Magnifying power

In geometric optics, the magnifying power (MP) is defined as the ratio of the angle subtended at the eye by the magnified view versus the unaided view. Note that the MP is different from the transverse magnification.

$$\text{MP}=\frac{{\alpha }_{\text{mag}}}{{\alpha }_{\text{unaided}}}$$

Note that the reason we don’t take the $\arctan$ is the small-angle approximation. The angles subtended are given by:

$${\alpha }_{\text{unaided}}=\frac{y_o}{D}$$ $${\alpha }_{\text{mag}}=\frac{y_i}{-s_i}=\frac{y_o}{s_o}$$

Where the numerator is the height of the object (not wrt the optical axis, just an absolute term), and the denominator is the distance away from the eye.

Abhay (the TA) suggests decomposing thee separately.

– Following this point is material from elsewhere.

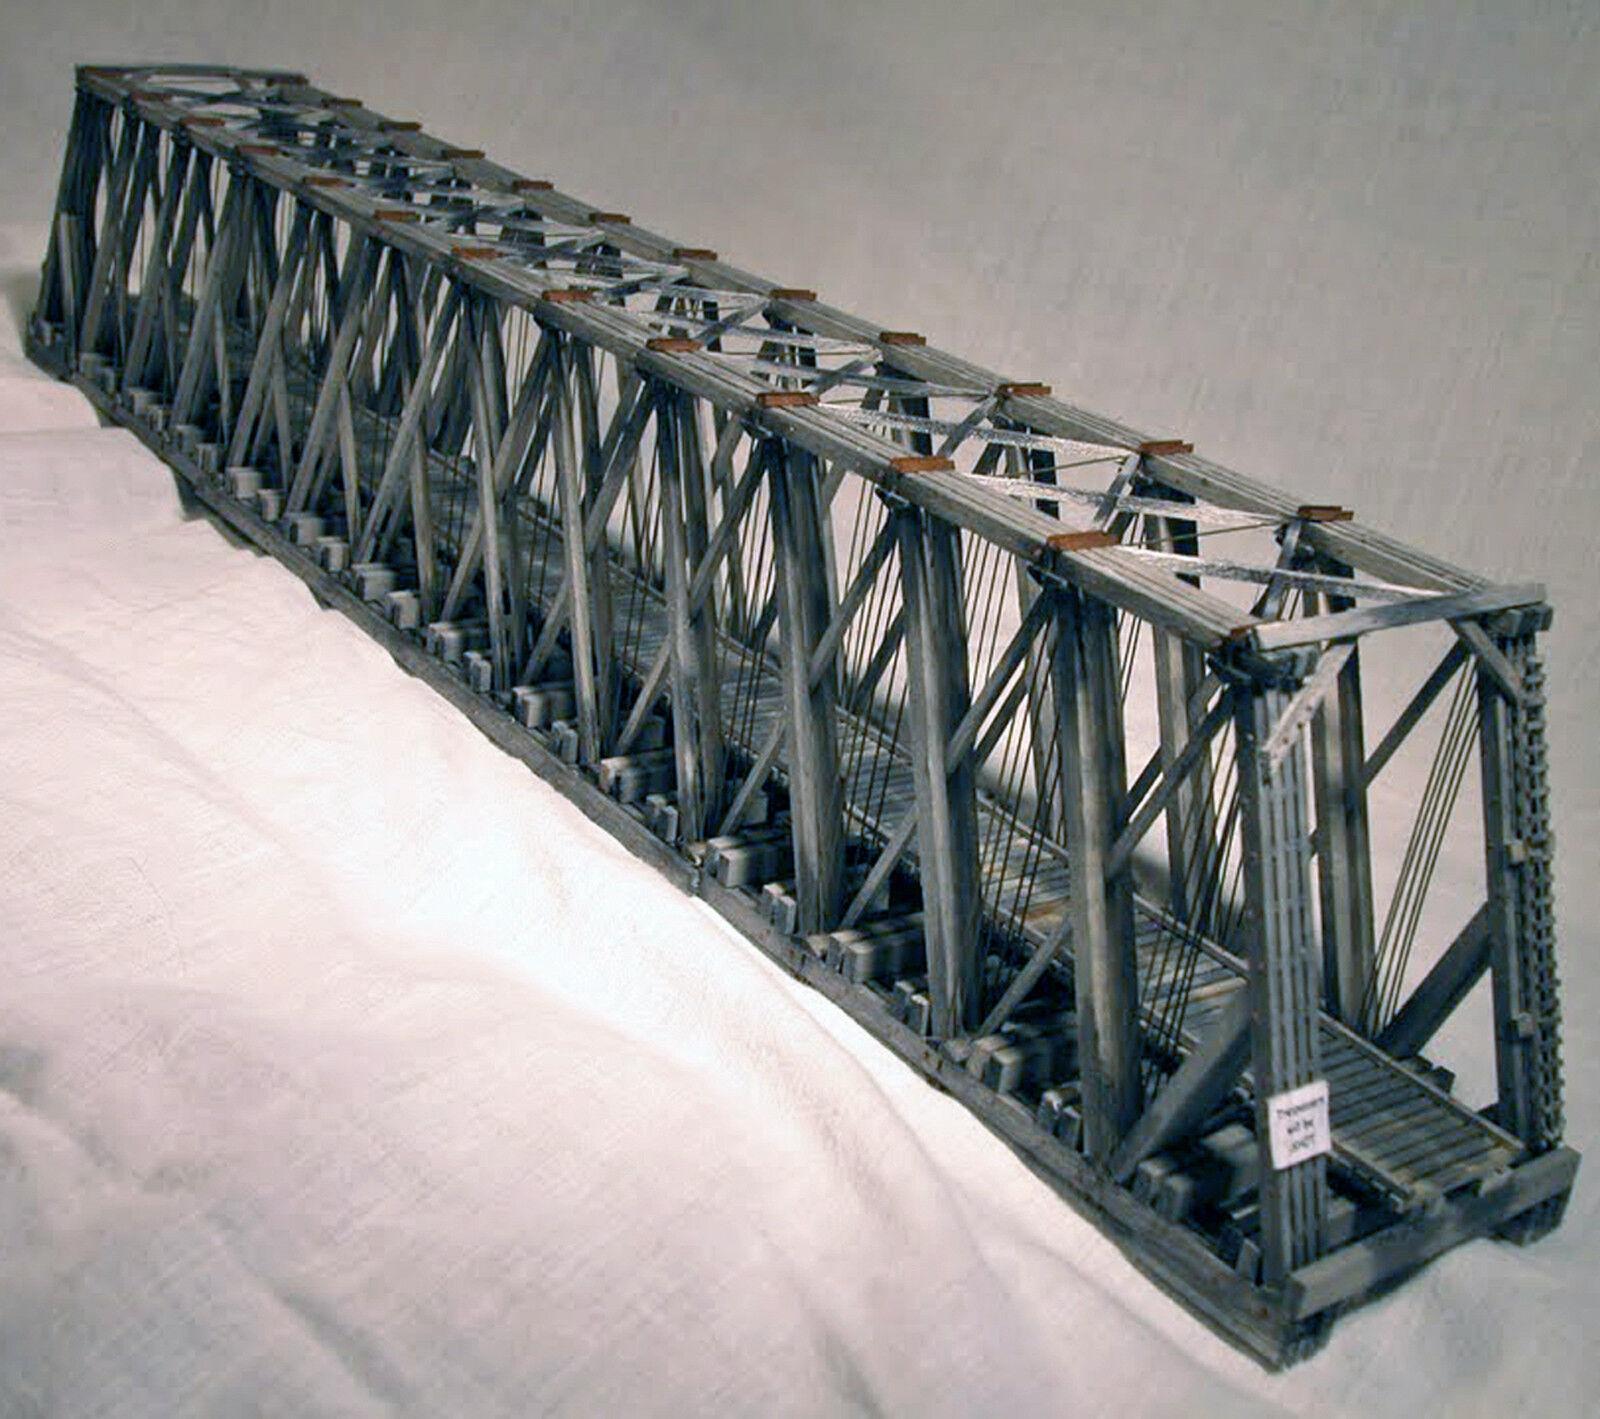 170' Puente Truss a través de Howe N modelo del ferrocarril estructura Craftsman Kit HL104N
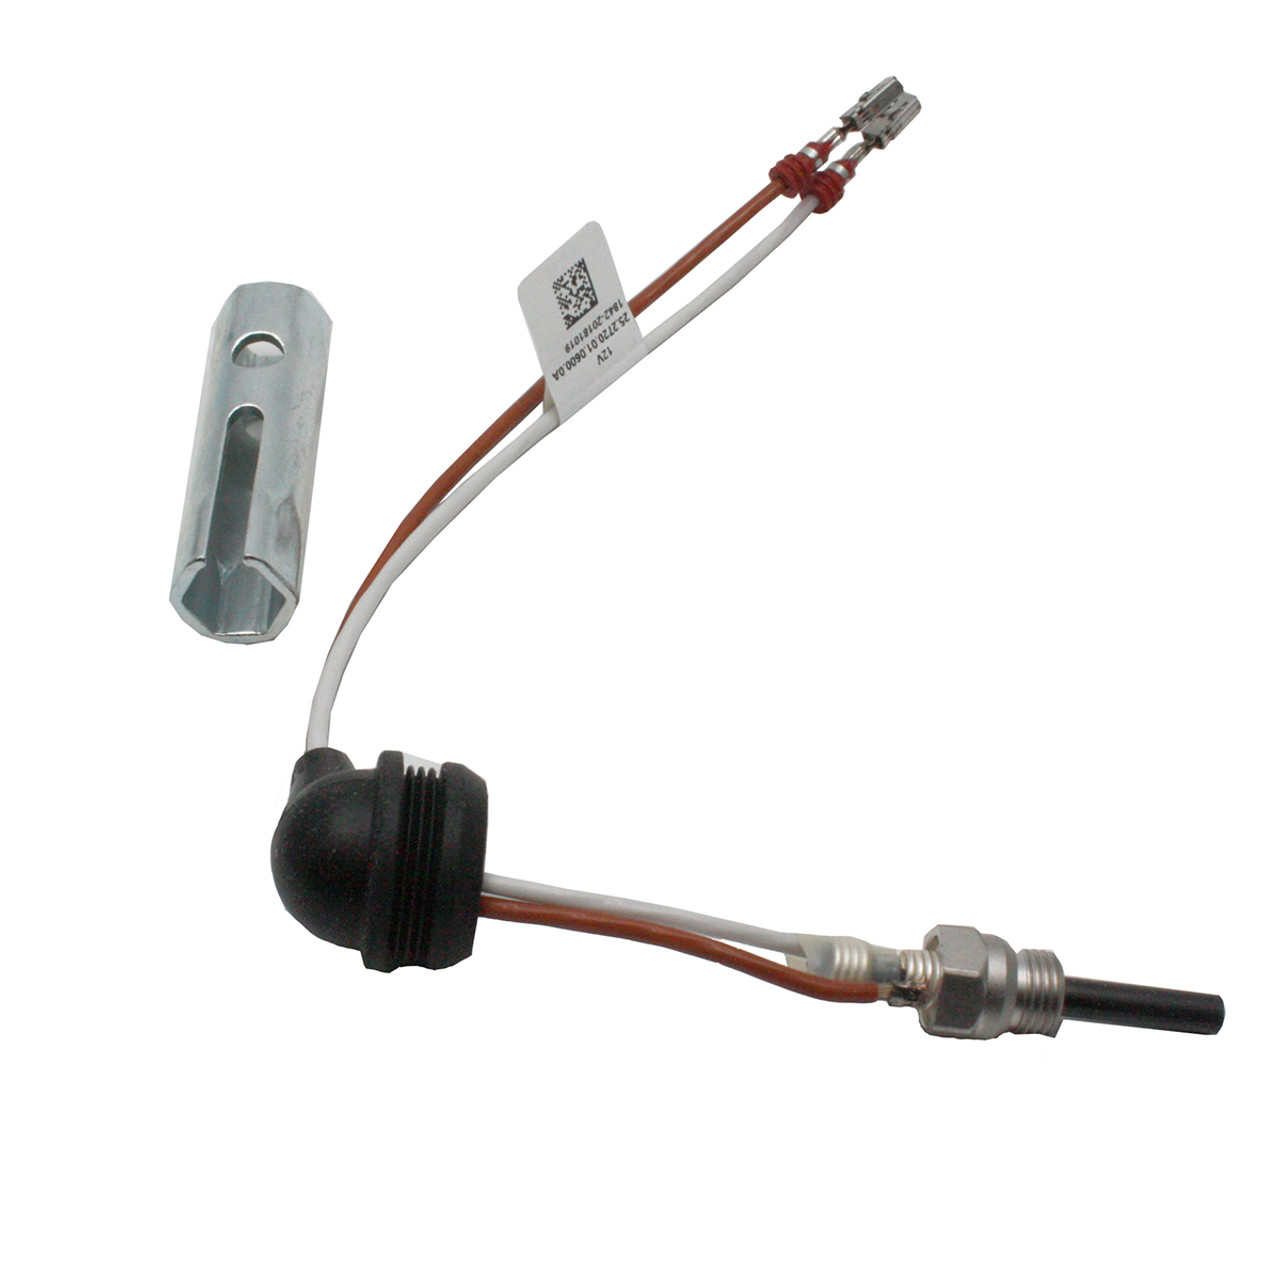 Eberspacher Heater Glow plug 12V 251830010100

• First we find ${\alpha }_{\text{unaided}}$, then ${\alpha }_{\text{mag}}$.
• Usually the unaided angle is much more straightforward to compute (except with objects at an infinite distance).
• If we don’t necessarily have an unaided object size (i.e., $y_o$), we can put in a dummy variable that cancels out. In the magnified angle, the viewed object size is the result of $y_o$ times some magnification factor.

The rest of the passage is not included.